5 Si l'âme commence à se recroqueviller, c'est une entrave à tout bien. Elle tombe parfois dans le scrupule, et elle devient inutile à elle-même et aux autres ; et si elle ne tombe pas dans le scrupule, elle pourra parvenir à se sanctifier, mais elle n'amènera pas beaucoup d'âmes à Dieu, car la vue de tant de gêne et de contrainte les arrêteront. En effet, notre naturel est tel qu'il se sent immédiatement étouffé et, pour ne pas nous voir serrés dans cet étau, nous perdons le désir de nous approcher si particulièrement du chemin de la vertu.
6 Il va s'ensuivre un autre dommage : celui de juger défavorablement ceux qui ne suivent pas ce chemin, et qui sont pourtant plus saints que nous ; mais comme ils abordent les autres sans pusillanimité - afin de leur être utiles -, nous les traitons immédiatement d'imparfaits S'ils laissent paraître une sainte joie, nous n'y voyons que laisser-aller, surtout nous, pauvres femmes qui, faute de science, ignorons ce qui peut se faire sans péché.
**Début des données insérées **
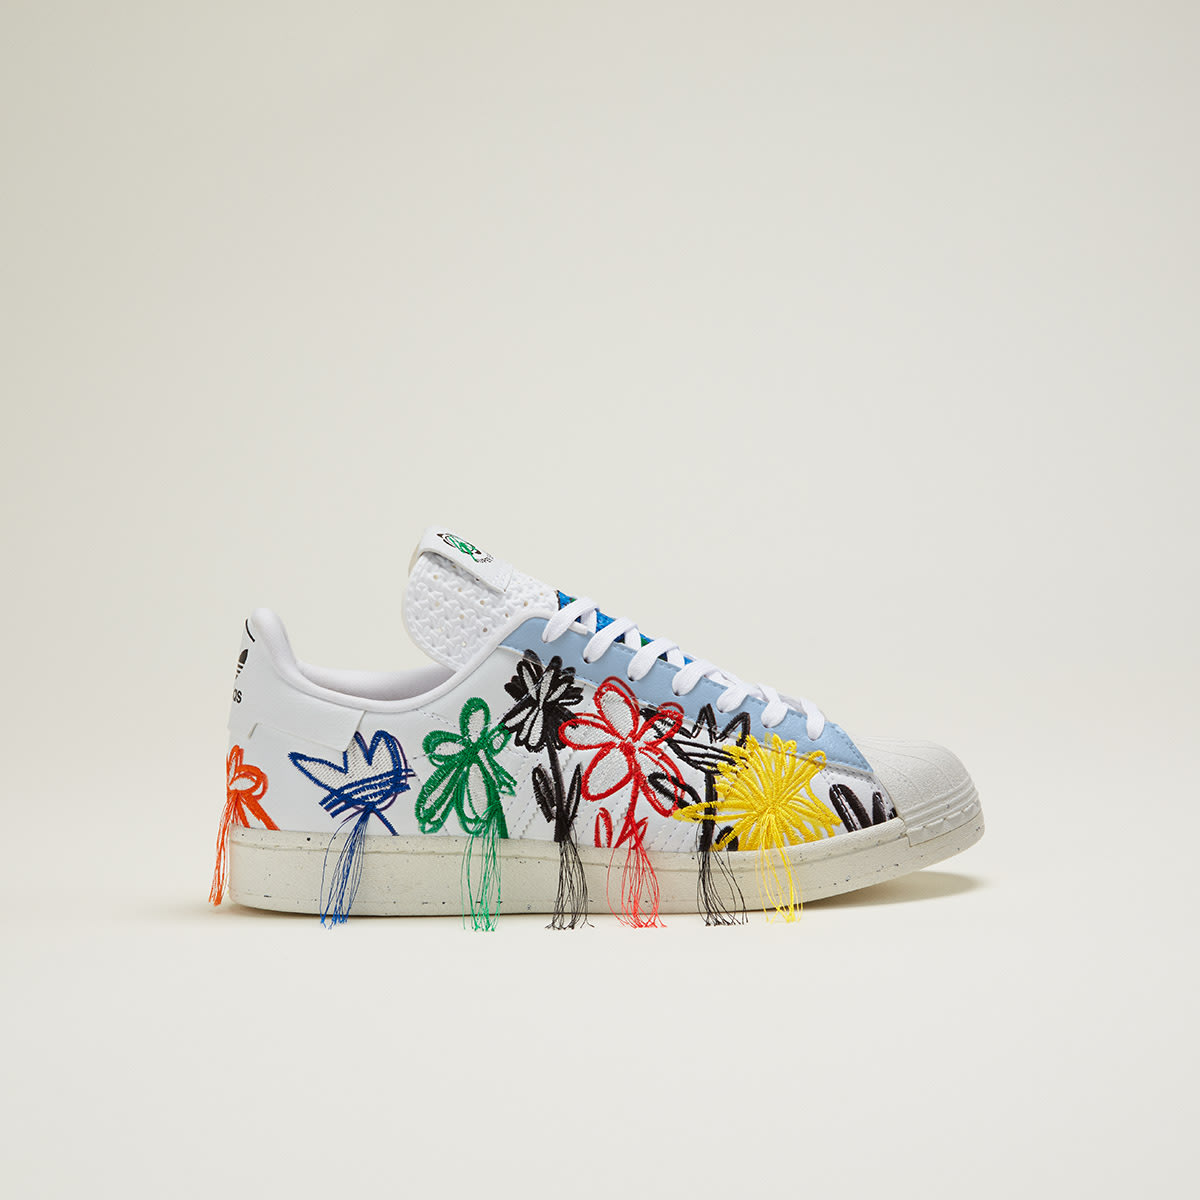 Adidas x Sean Wotherspoon Superstar Superearth Sneakers - Farfetch

C'est une chose très dangereuse, car on est dans une tentation continuelle, on n'y voit pas clair, et on fait tort au prochain. Enfin, il est très néfaste de croire que tous ceux qui ne suivent pas nos pas timorés ne sont pas en bon chemin. Il y a encore un autre inconvénient, c'est que, dans certains cas où vous auriez à parler et devriez parler, vous n'oserez le faire de crainte d'offenser Dieu, et vous direz du bien de ce que vous devriez avoir en horreur.